How JoyCode Agent Reached 74.6% Pass@1 on SWE‑bench Verified with a Patch‑Test Co‑Generation Loop
This technical report details JoyCode Agent’s end‑to‑end pipeline that couples patch generation with fail‑to‑pass and pass‑to‑pass test creation, uses trajectory compression, CSR similarity retrieval, and multi‑agent iterative retries to achieve a 74.6% Pass@1 score on the SWE‑bench Verified benchmark while cutting compute costs by 30‑50%.
Background
SWE‑Bench Verified is a benchmark that evaluates AI agents on real‑world software‑engineering tasks such as bug fixing and feature implementation in popular Python projects. The metric of interest is Pass@1 – the ability to produce a patch that passes the full test suite on the first attempt.
Key Challenges in Repository‑Level Repair
Understanding the entire code base and reasoning across multiple files.
Exploring a huge candidate‑patch space efficiently.
Limited diversity of reasoning trajectories, leading to convergent (often sub‑optimal) solutions.
Immature automated verification and feedback loops.
Token‑budget explosion caused by repeated blind retries.
Proposed Framework: Patch–Test Co‑Generation & Iterative Verification
The core idea is to generate two complementary unit‑test families together with the patch:
Fail2Pass – a test that must fail on the buggy code and pass after the patch.
Pass2Pass – a test that must pass both before and after the patch (regression protection).
If the patch passes all generated tests, it is emitted as the final solution. Otherwise a systematic validation‑and‑retry loop determines whether the failure originates from the test or the patch and triggers a targeted regeneration.
System Architecture
The pipeline consists of four cooperating agents:
Testing Agent : analyses the issue, generates one Fail2Pass and two Pass2Pass tests, pre‑validates them on the buggy repository, and supplies them to the Patch Agent.
Patch Agent : follows an observe‑think‑act loop, uses Bash tools for repository inspection, a code‑editing tool for precise modifications, and a reasoning chain to plan changes. It produces an initial patch and runs it inside an isolated Docker container against the generated tests.
CSR Agent : when the initial patch fails, compresses the execution trajectory into a concise “strategy / key change / insight” record, classifies the failure (test vs. patch), and performs similarity‑based retrieval (CSR) against a pool of successful trajectories to provide experience for the next retry.

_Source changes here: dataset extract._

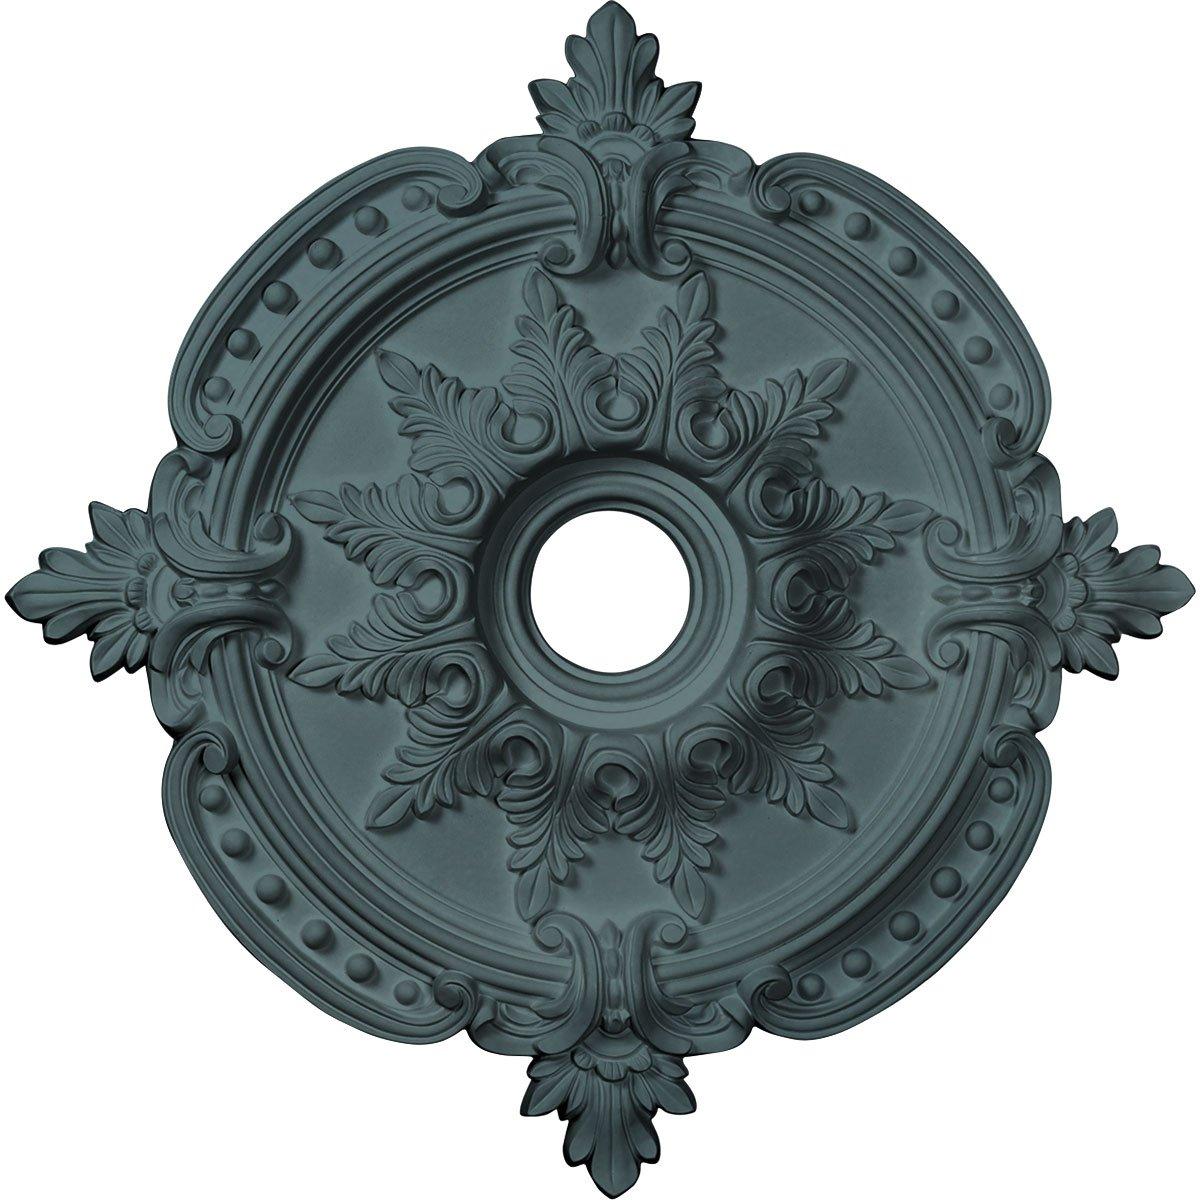 Ekena Millwork CM28BEAMF 28-3/8'' x 4-1/2'' x 1-5/8'' Benson Classic Ceiling Medallion, Americana

Decision Agent : receives the original patch and the experience‑driven retry, evaluates them on correctness, minimality, risk, and test coverage, and votes for the optimal solution.
Key Techniques
Fail2Pass / Pass2Pass Test Generation : guarantees that a correct patch must turn a failing test into a passing one while preserving existing functionality.
Trajectory Compression : summarises the full reasoning and tool‑call log into a compact record (strategy, key change, insight) for storage.
CSR Similarity Retrieval : searches the compressed trajectory pool for the most similar successful case and returns its strategy as a prior.
Experience‑Driven Retry : combines the failure trajectory with the retrieved successful trajectory to guide a second patch generation.
Voting Arbitration : Decision Agent selects the best patch based on logical correctness, alignment with the issue, code quality, and test coverage.
Workflow Details
1. Test Generation & Pre‑validation – The Testing Agent creates three tests, runs them on the original buggy code, and ensures the expected pattern (1 Fail2Pass, 2 Pass2Pass). Only validated tests are passed forward.
2. First Patch Generation & Containerized Verification – The Patch Agent launches a Docker image that mirrors the SWE‑Bench environment, inspects the repository, plans a modification sequence, applies edits with the code‑editing tool, and immediately runs the generated tests. Success ends the workflow; failure proceeds to step 3.
3. Failure Attribution & Experience Retrieval – The CSR Agent compresses the raw execution log, classifies the root cause (test‑side or patch‑side), and if the cause is patch‑side performs a similarity search over the trajectory pool. The most similar successful trajectory (strategy, key change, insight) is returned.
4. Experience‑Driven Retry – The Patch Agent receives both its own failure summary and the retrieved successful strategy, performs a “reflect‑and‑reuse” reasoning step, and generates a second patch.
5. Decision Voting – The Decision Agent compares the two candidate patches on multiple criteria (correctness, minimality, risk, code quality, test coverage) and selects the final patch for submission.
Agent Tooling
Code Editing Tool : atomic insert/replace/delete operations on files, producing a standard diff output.
Bash Tool : executes shell commands for file discovery, dependency installation ( pip install), and test execution ( pytest), capturing exit codes.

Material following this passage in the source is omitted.